I conducted several cohort studies to quantitatively assess the risks and benefits of using antidepressants. Overall, my findings suggest that continuing antidepressant treatment reduces the risk of relapse and has limited or no adverse effects on children. Here are the key findings:
1. Individuals on antidepressant treatment for less than 4, 4-6, 7-9, and 10-12 months had cumulative incidences of restarting antidepressants within one year at 37.4%, 35.1%, 35.0%, and 32.8%, respectively. To minimize the risk of relapse after discontinuation, a minimum of 10-12 months of treatment seems preferable.
2. Discontinuing antidepressants during pregnancy increased the risk of psychiatric emergencies compared to continuing treatment (5.0% for discontinuation versus 3.7% for continuation). Approximately for every 76 pregnant women who discontinued antidepressants, there was an additional psychiatric emergency. Continuing antidepressant treatment throughout pregnancy may reduce the risk of psychiatric emergencies.
3. In collaboration with a Norwegian group, we found four similar treatment trajectories. Discontinuing antidepressants early in pregnancy reduced the risk of worsening depressive symptoms postpartum compared to continuers, while discontinuation in late pregnancy increased the probability of increased depressive symptoms. These results were consistent between the two countries.
4. I also examined whether the reduced relapse risk observed among women using antidepressants during pregnancy extended to those with mental disorders other than affective disorders, such as eating disorders and obsessive-compulsive disorders. The beneficial effect was also seen among women who continued antidepressants during pregnancy and postpartum to manage these disorders.
5. The timing of antidepressant discontinuation played a crucial role in relapse risk. Therefore, I conducted a study to examine the determinants of the timing of discontinuing antidepressants. I identified four treatment trajectories: early discontinuers (23%), late discontinuers (24%), interrupters (15%), and continuers(38%). Women who continued or discontinued antidepressants late in pregnancy exhibited more severe mood disorders. However, these differences were not reflected in their polygenic risk scores.
6. Psychiatric disorders that occurred at different timing may indicate distinct severity. I investigated this by employing polygenic scores and found genetic liability to bipolar disorder, but major depression or schizophrenia was associated with a higher risk of postpartum psychiatric disorders that occurred within 30 days after childbirth.
7. To provide a balanced overview of antidepressant treatment efficacy and safety, I also investigated various health outcomes in offspring. I found a slightly increased risk of preterm birth, low birth weight, postnatal adaptation syndrome, neonatal admission, and neonatal persistent pulmonary hypertension among children exposed to antidepressants during pregnancy. However, the relative risks were modest, and the absolute risks were low. Additionally, I found no evidence supporting that maternal genetic liability explains the associations.

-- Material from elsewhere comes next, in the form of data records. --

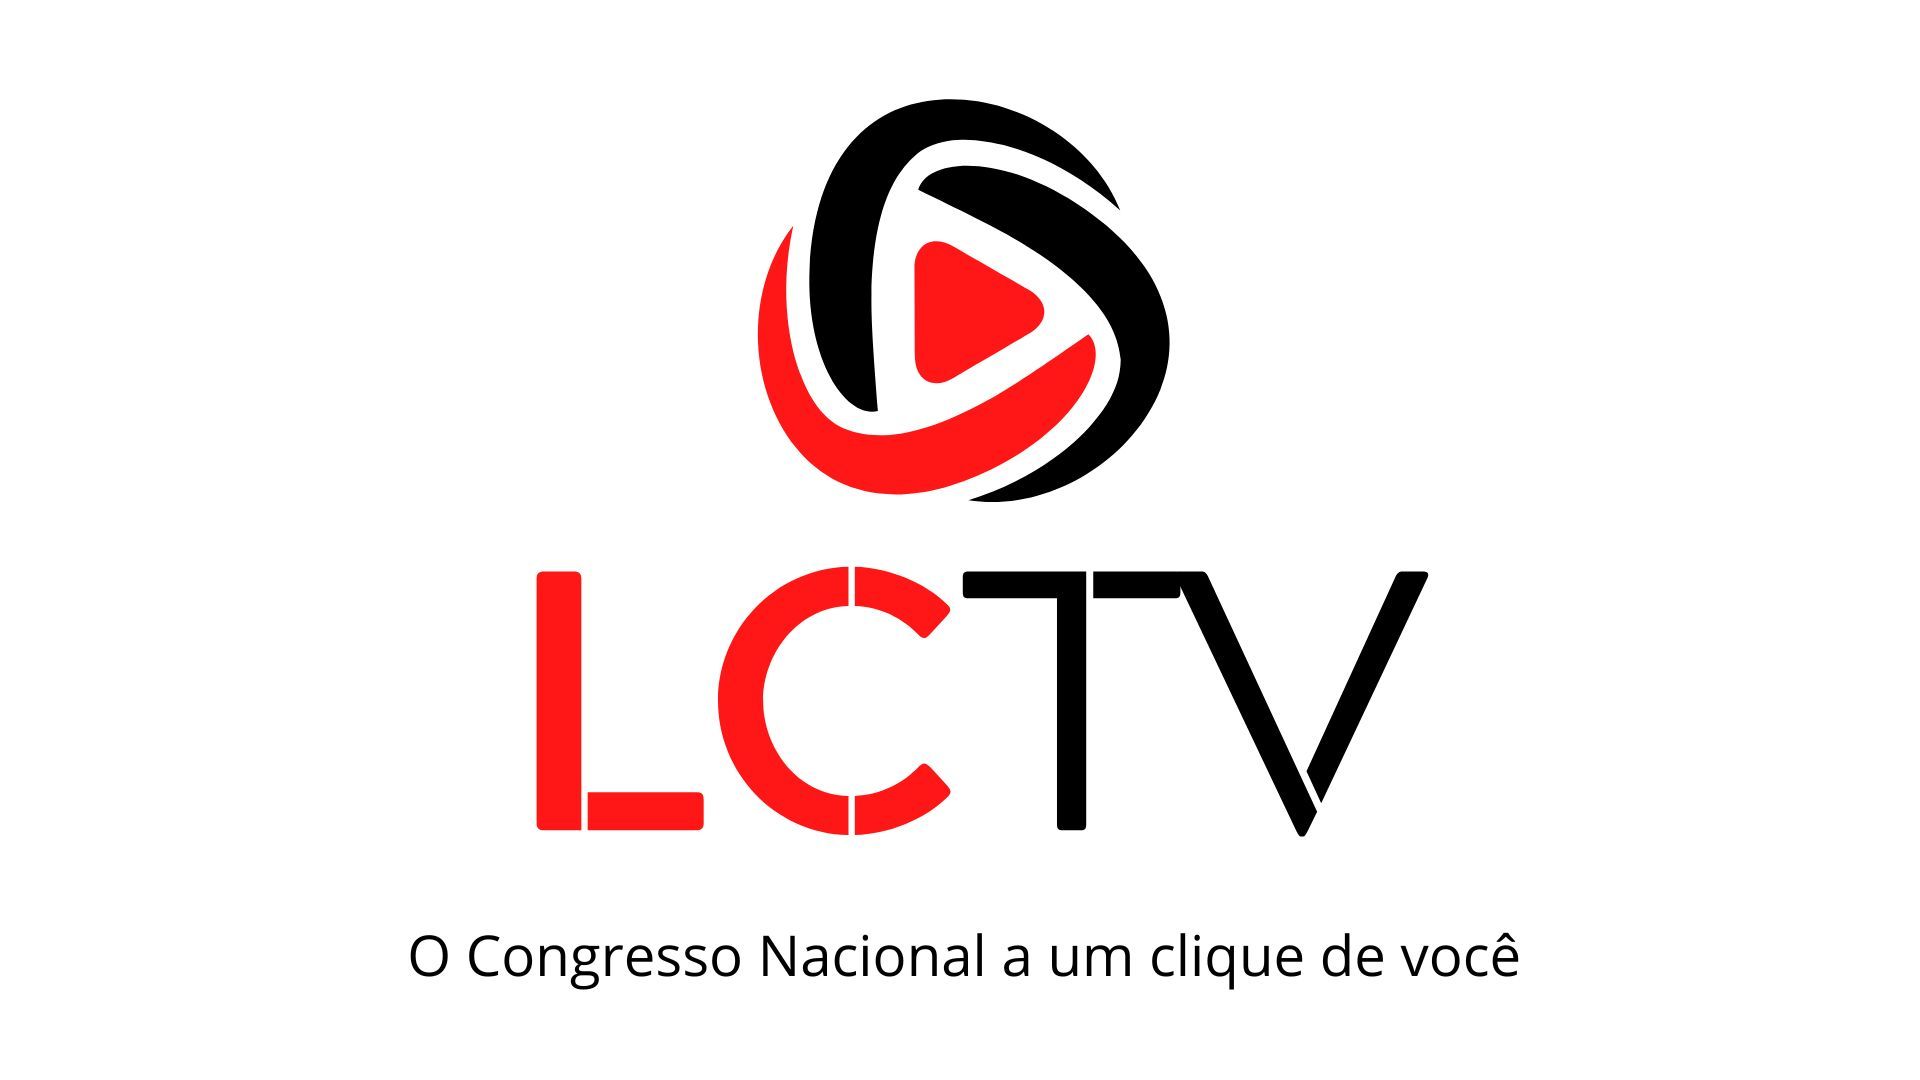 LCTV - Atividades Parlamentares direto do Congresso Nacional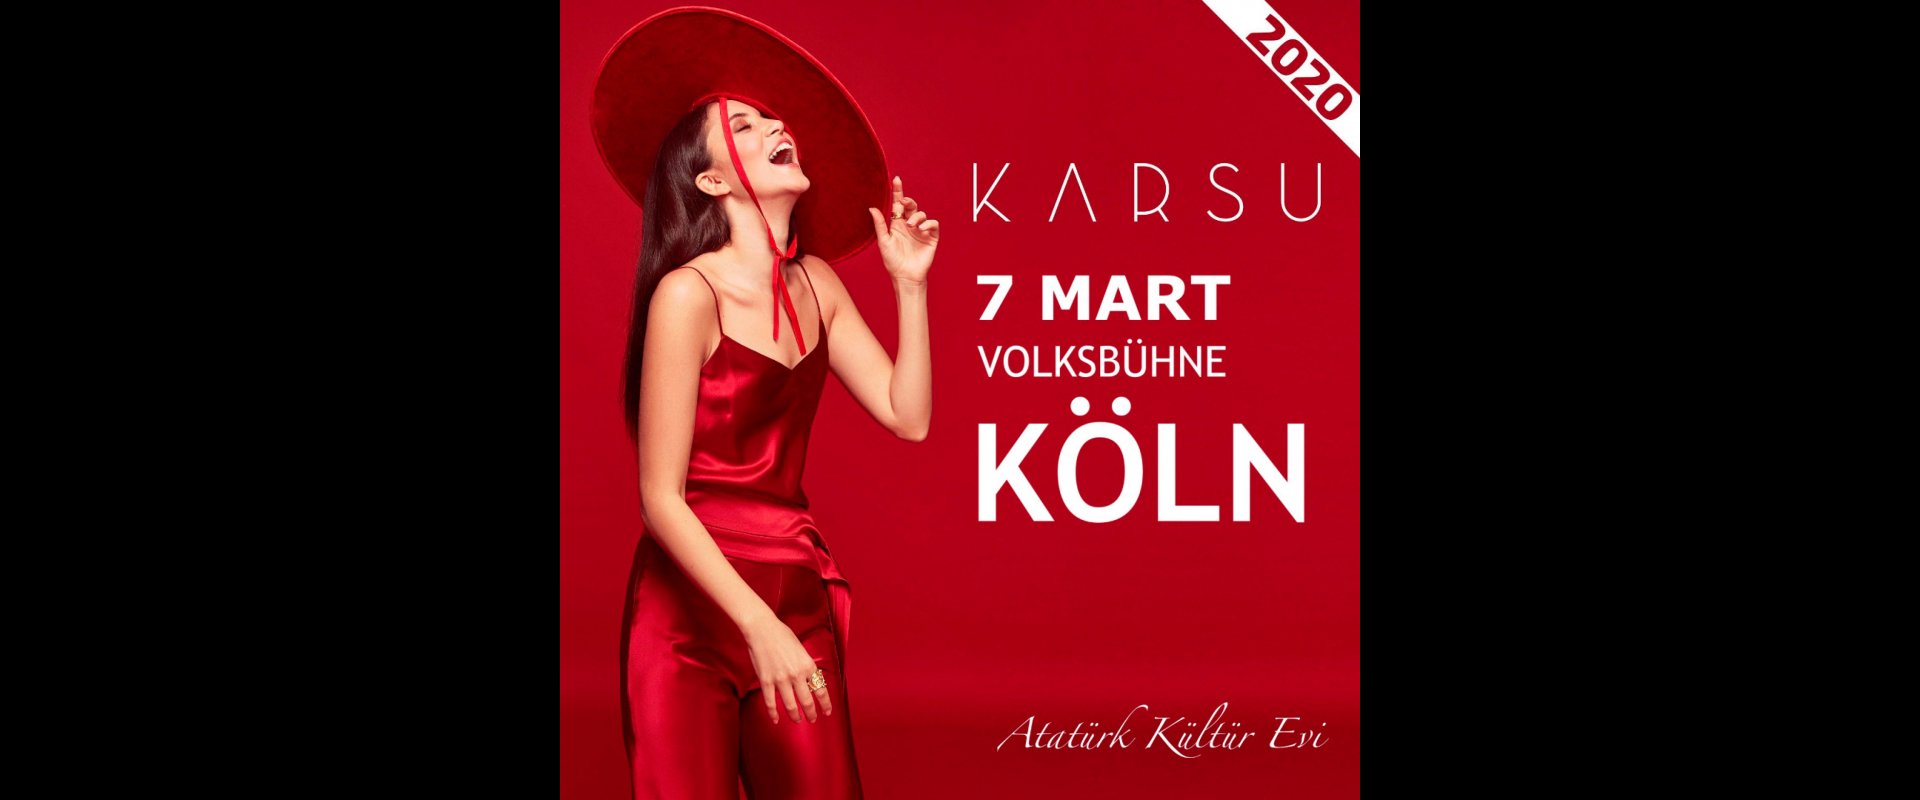 KARSU live in Köln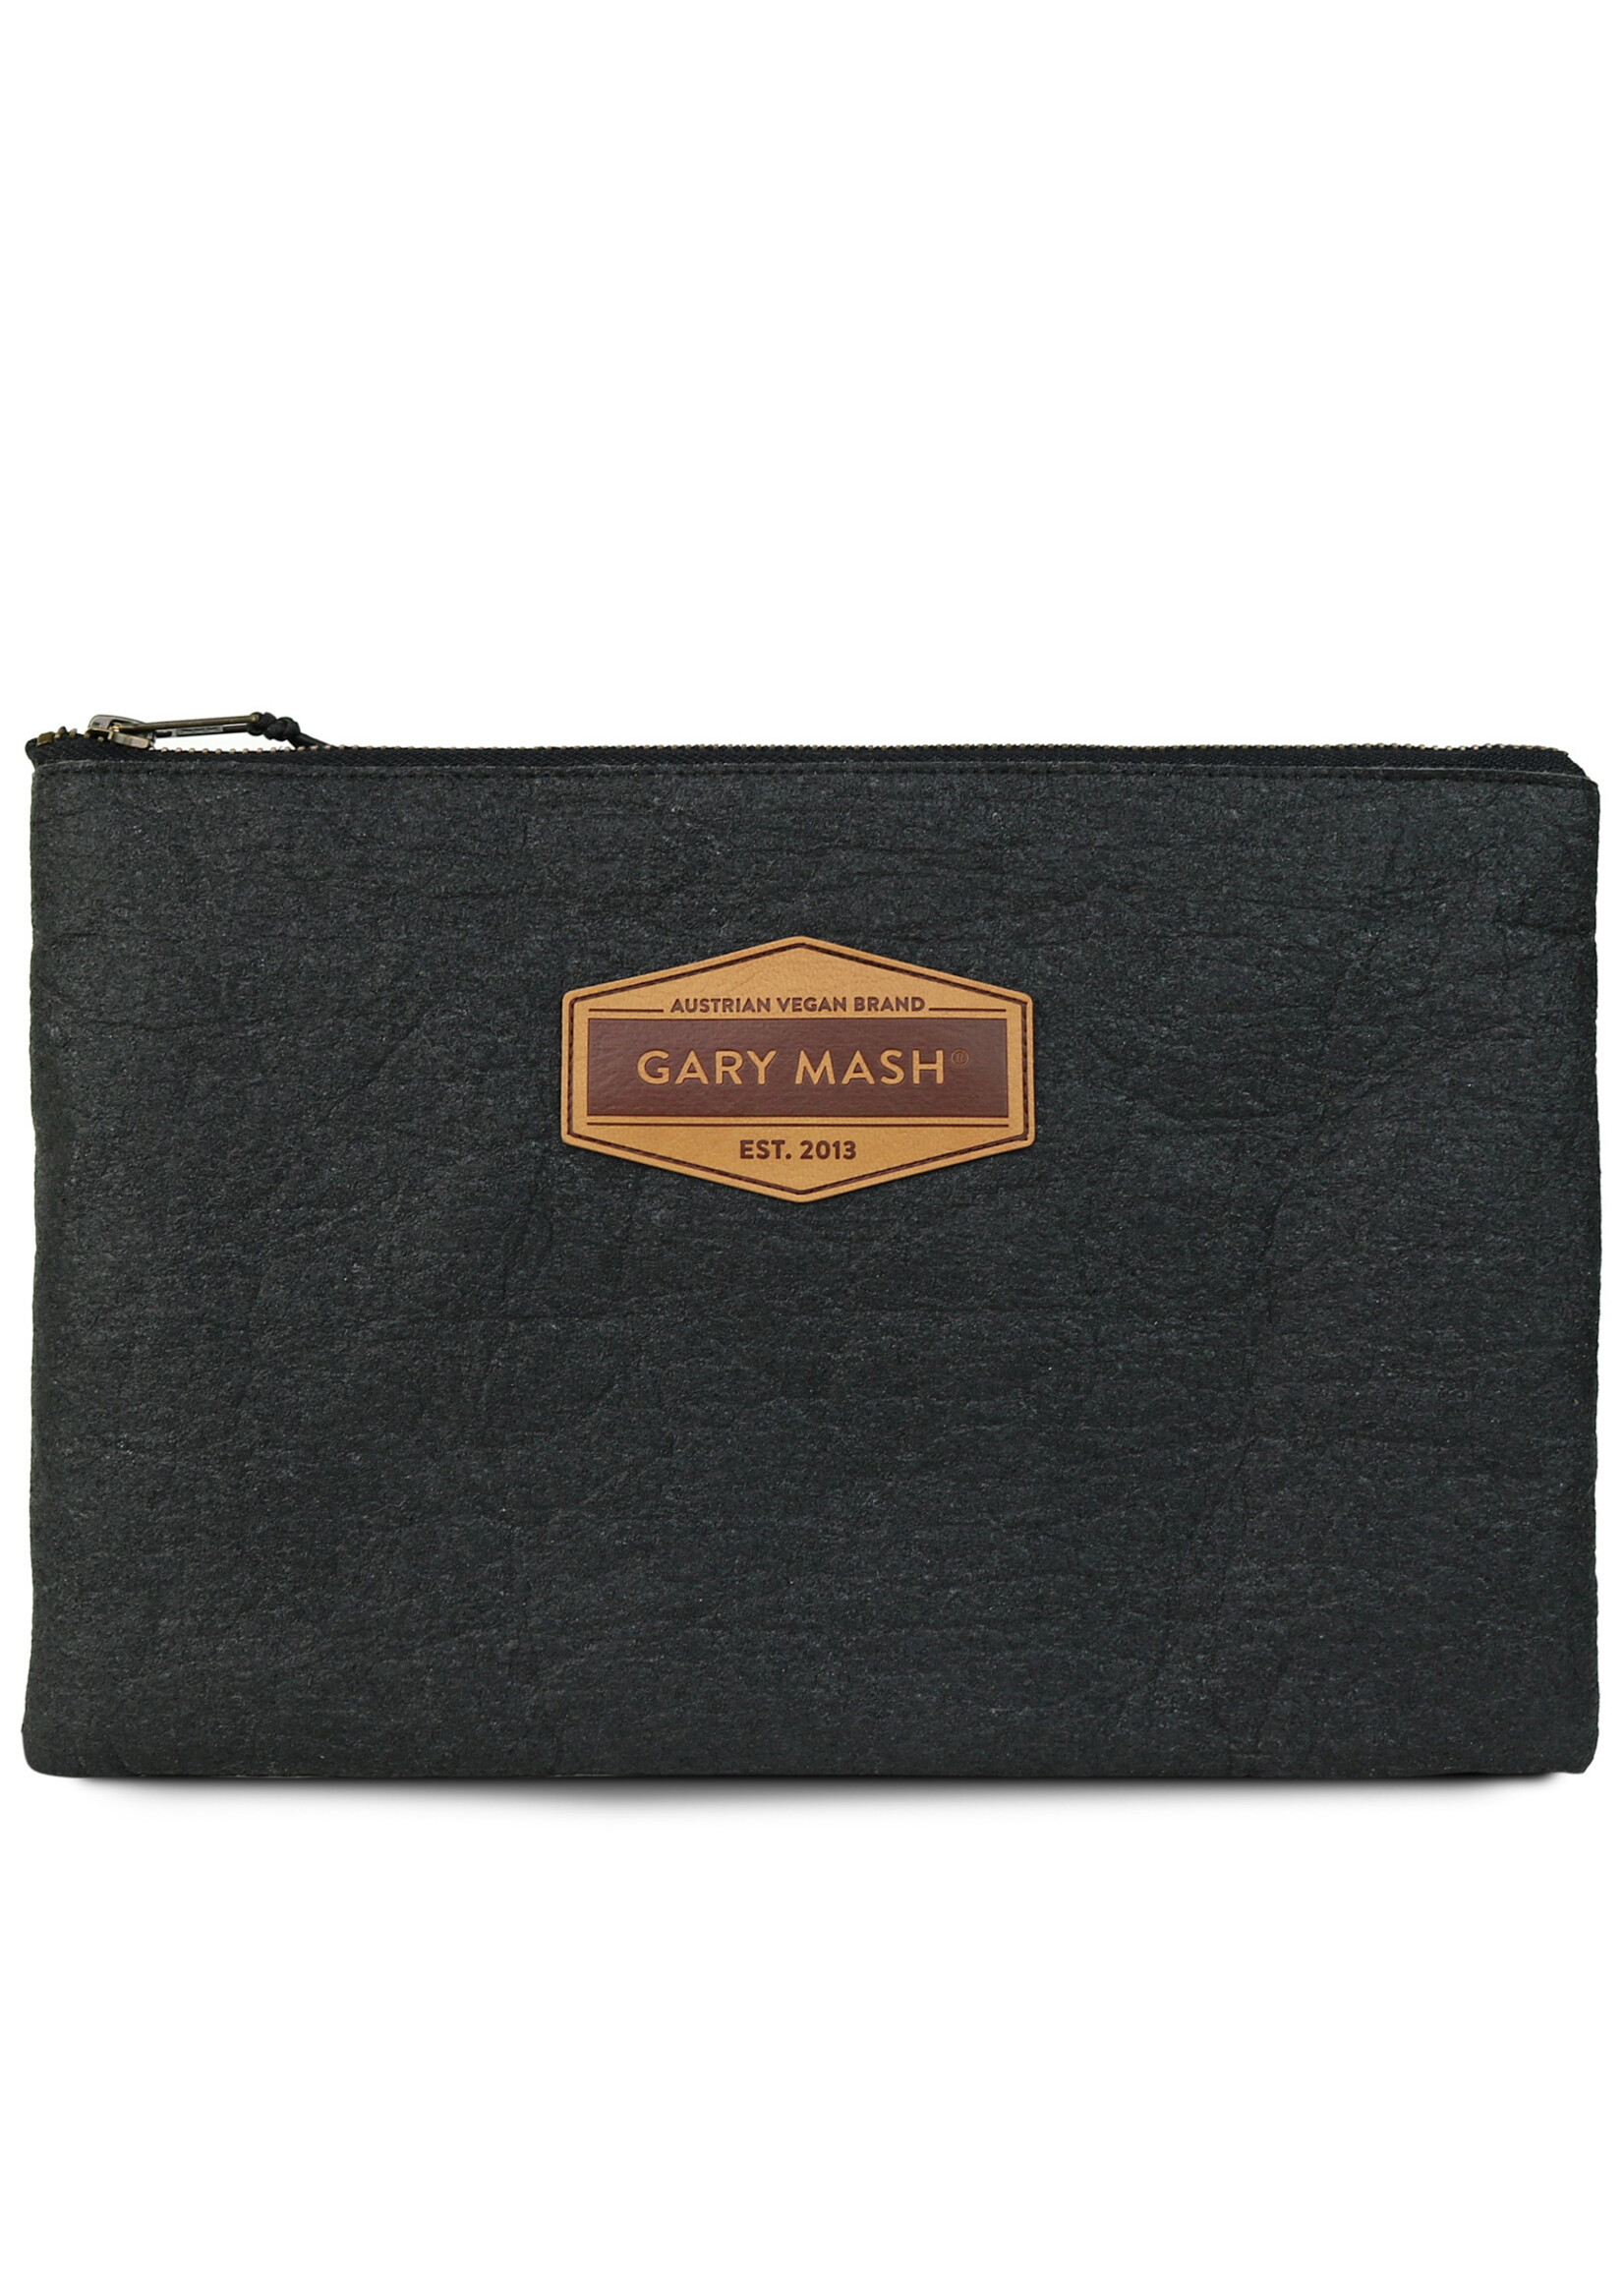 Gary Mash Pinatex Clutch Handtasche schwarz Piñatex® Ananasleder

I published 12 peer-reviewed papers and have three papers under review. Furthermore, I have disseminated our findings through various channels to reach a wide audience:
1. Conference presentations: I have presented our findings at several important conferences, including the Danish Epidemiological Society Annual Meeting, the NordicEpi, iPSYCH Research Forum Meetings, and the 13th Annual Meeting of the Danish Society for Pharmacology.
2. Press releases and social media engagement: I have issued press releases highlighting our research's key insights and updates. Additionally, I have effectively utilized social media platforms such as Twitter to disseminate our findings.
3. Invited keynote speech: I was invited to deliver a keynote speech at the Aarhus Institute of Advanced Studies (AIAS) conference on June 14, 2022.
4. Presentations at prominent institutes: I presented my research at five renowned institutes, including the Institute for Molecular Bioscience and the Child Health Research Centre at The University of Queensland.